What's wanted here is the full listing below, repeated exactly, with no images in it.

- **COLLECTED MATERIAL**
___

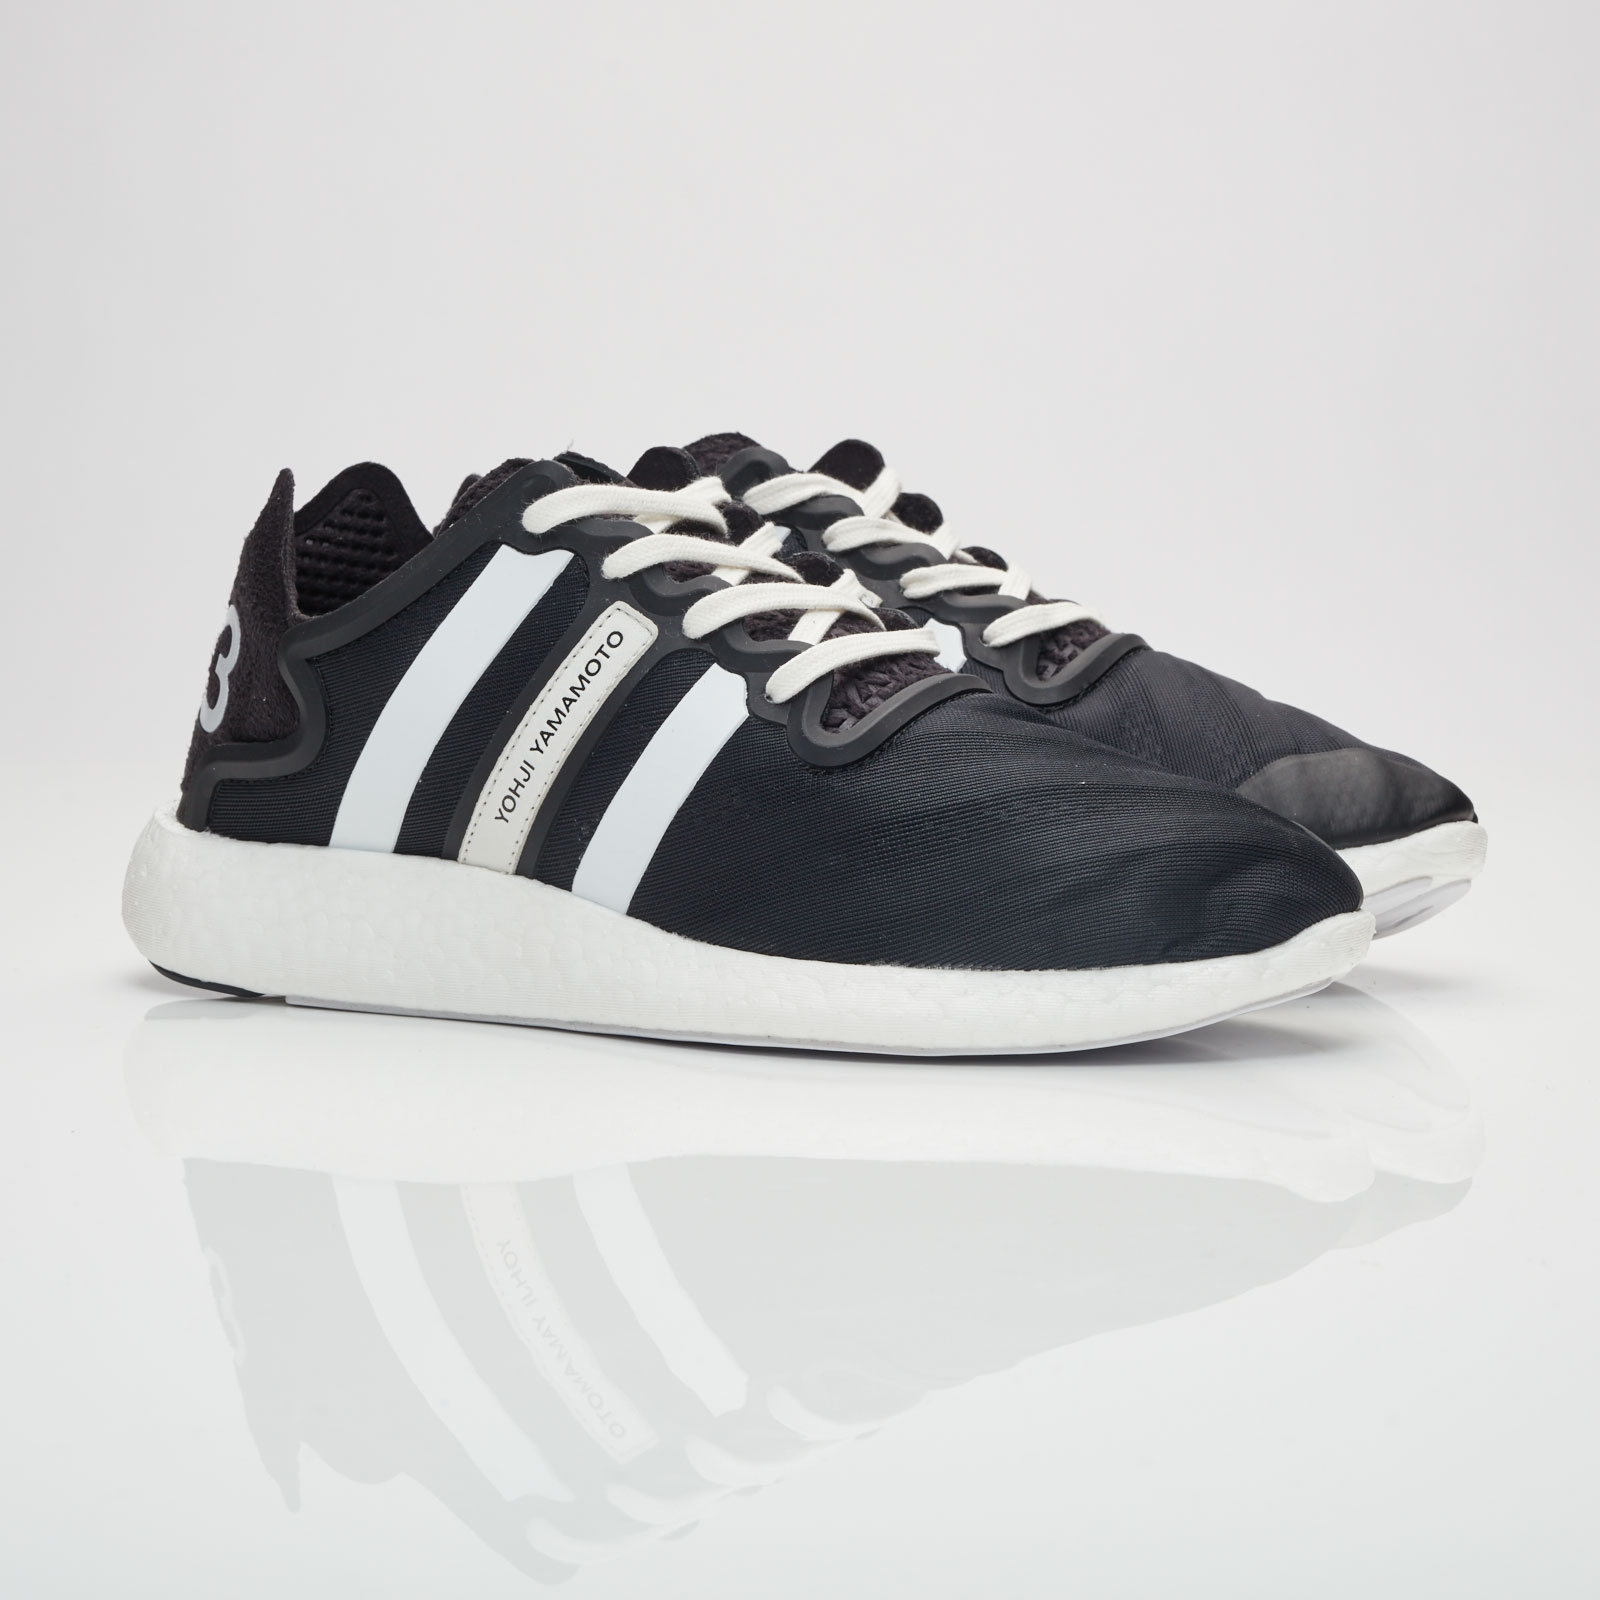 160bfe9e6 adidas Yohji Run - S82118 - Sneakersnstuff
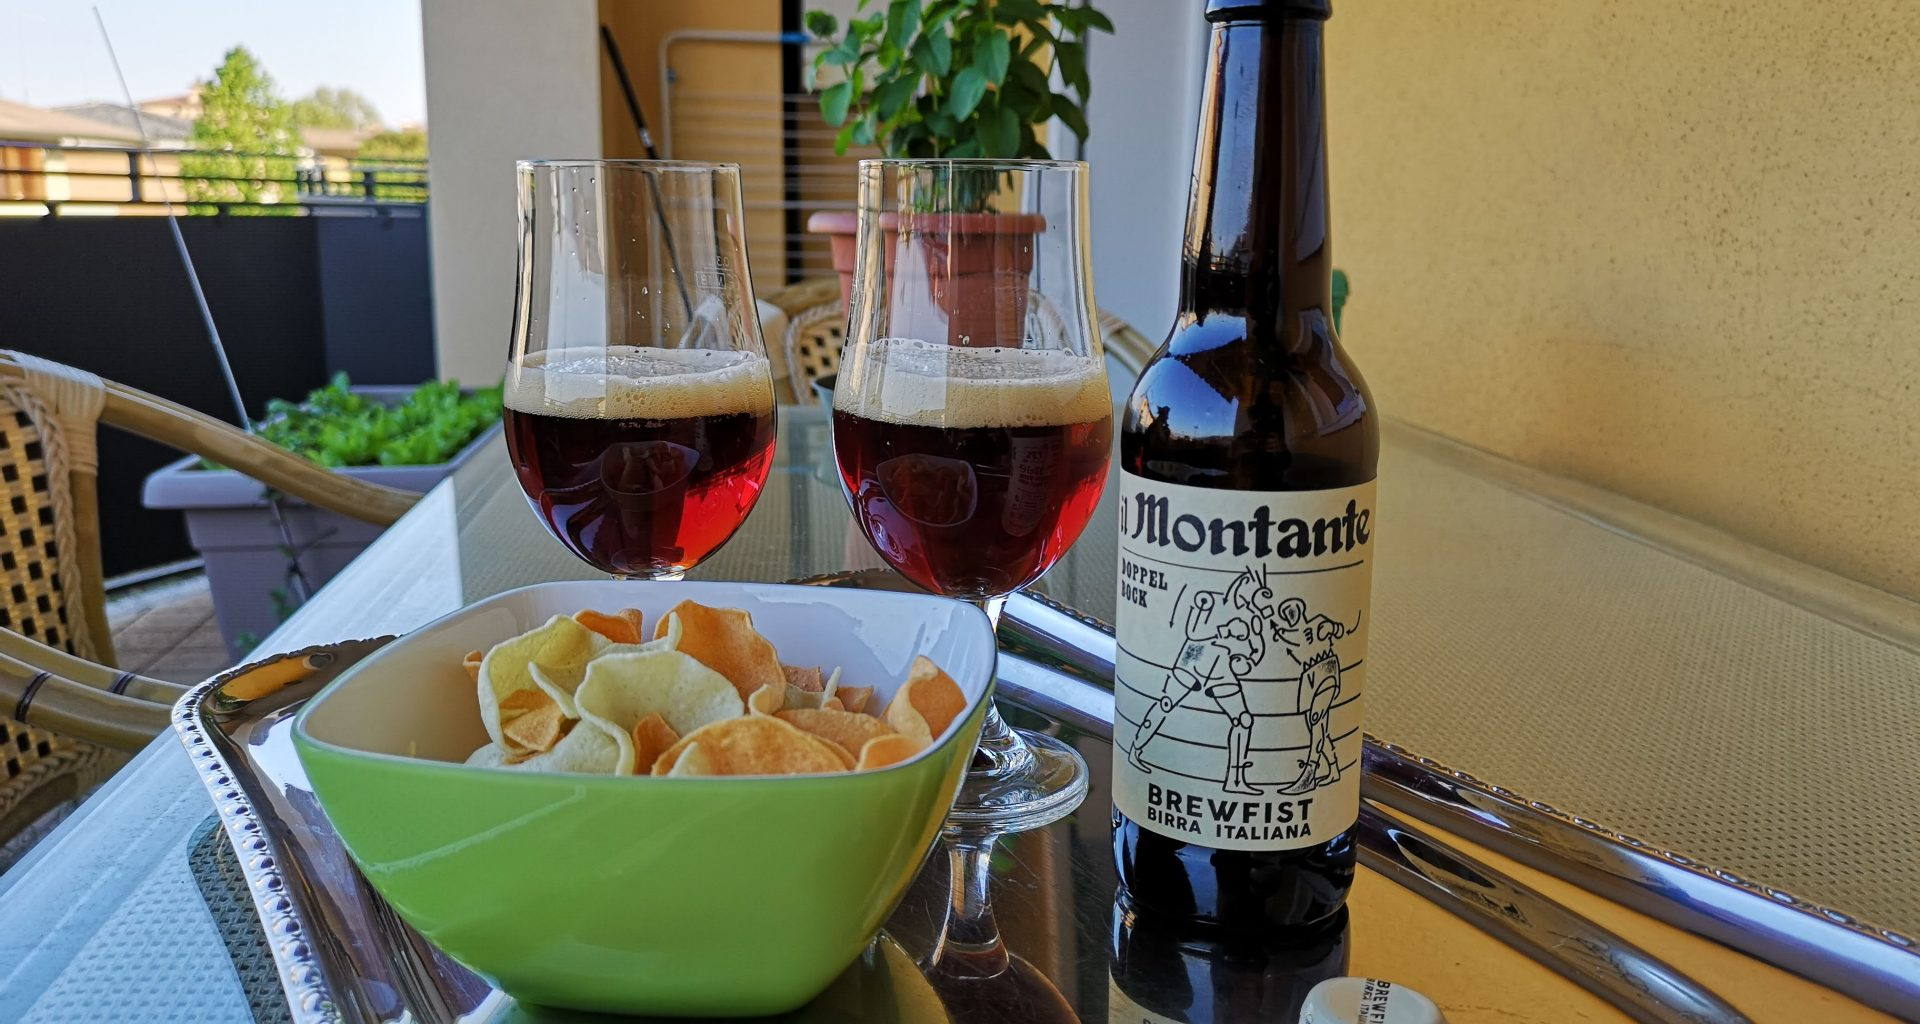 Il Montante - Brewfist
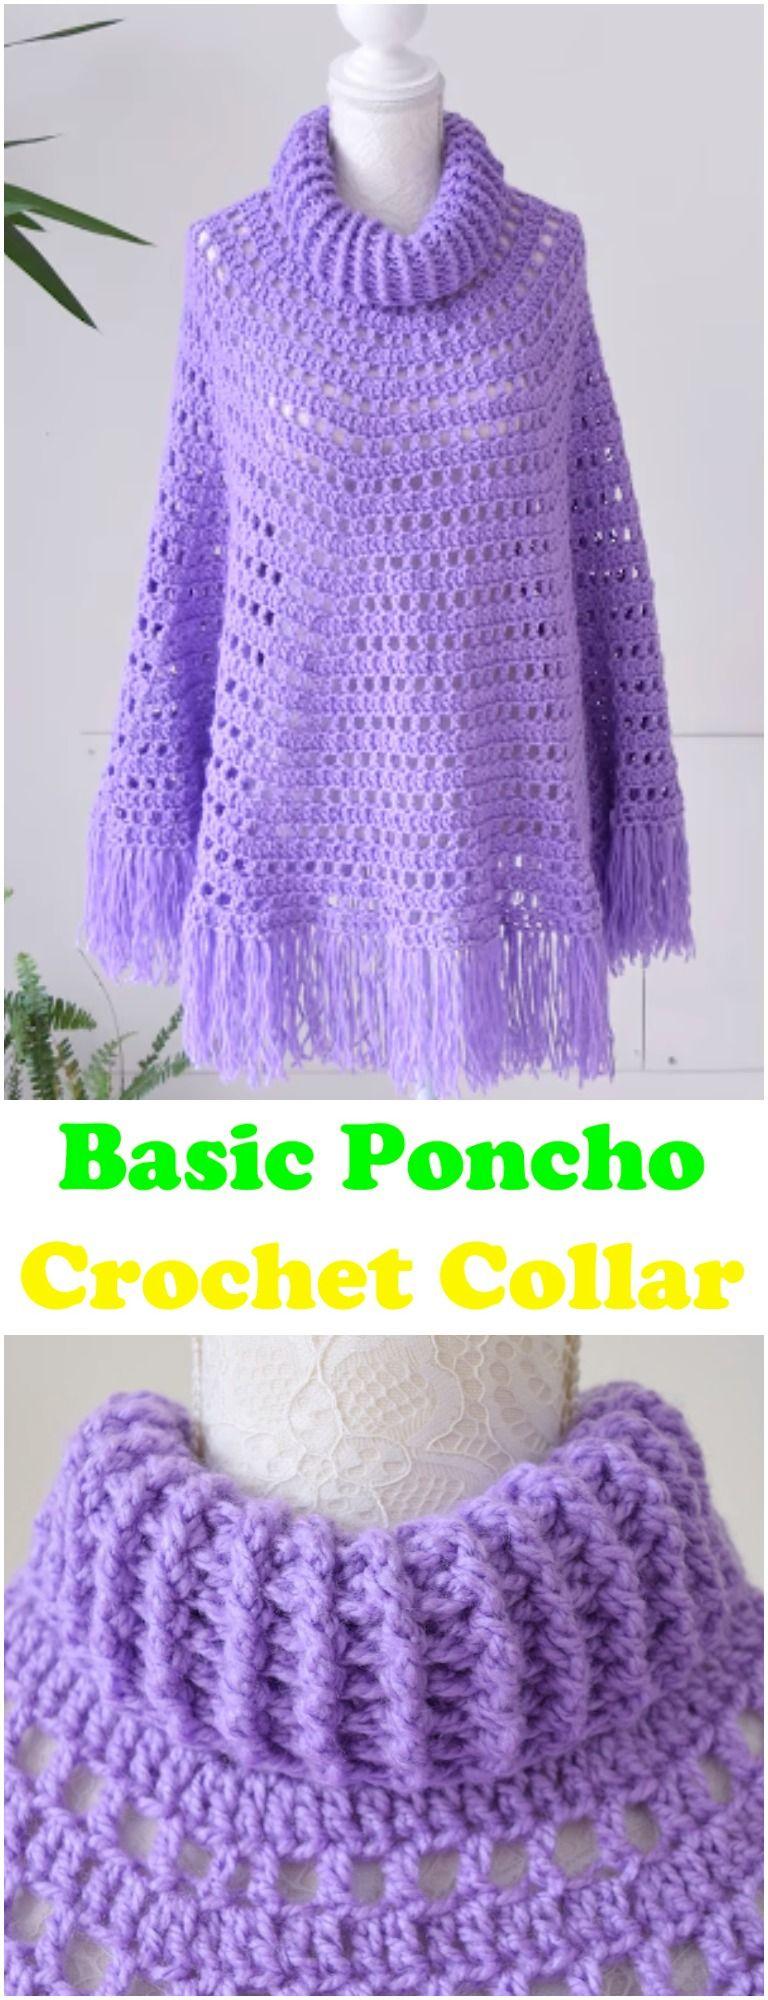 Learn To Crochet Basic Poncho With Crochet Collar | Crochet ...
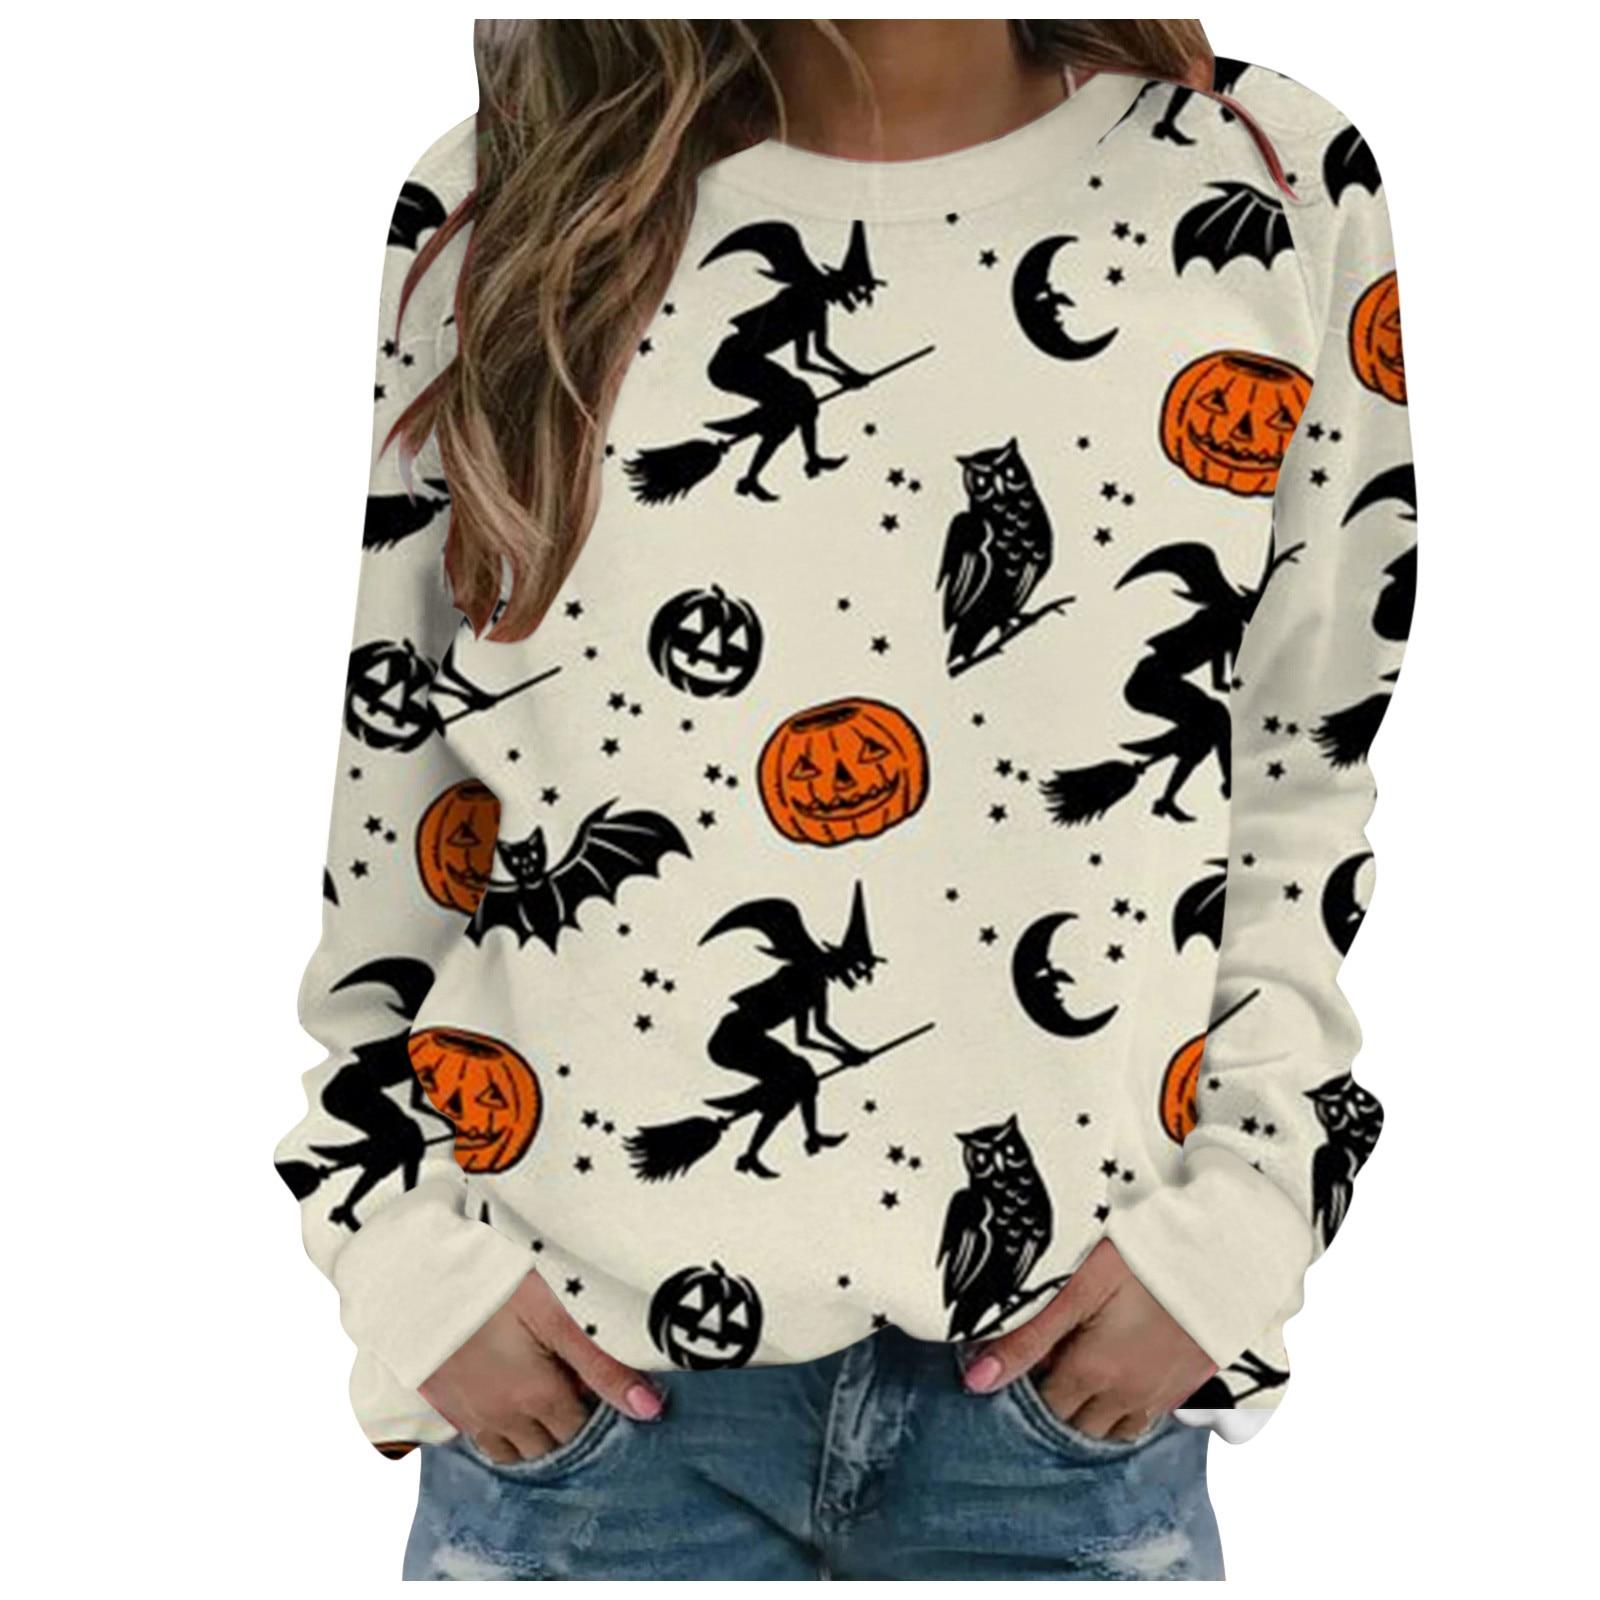 Las mujeres Impresión De Halloween sudadera De manga larga Casual Blusa Jersey...

___

- **EXPECTED ANSWER**
 160bfe9e6 adidas Yohji Run - S82118 - Sneakersnstuff
 Il Montante - Brewfist
 Learn To Crochet Basic Poncho With Crochet Collar | Crochet ...
 Las mujeres Impresión De Halloween sudadera De manga larga Casual Blusa Jersey...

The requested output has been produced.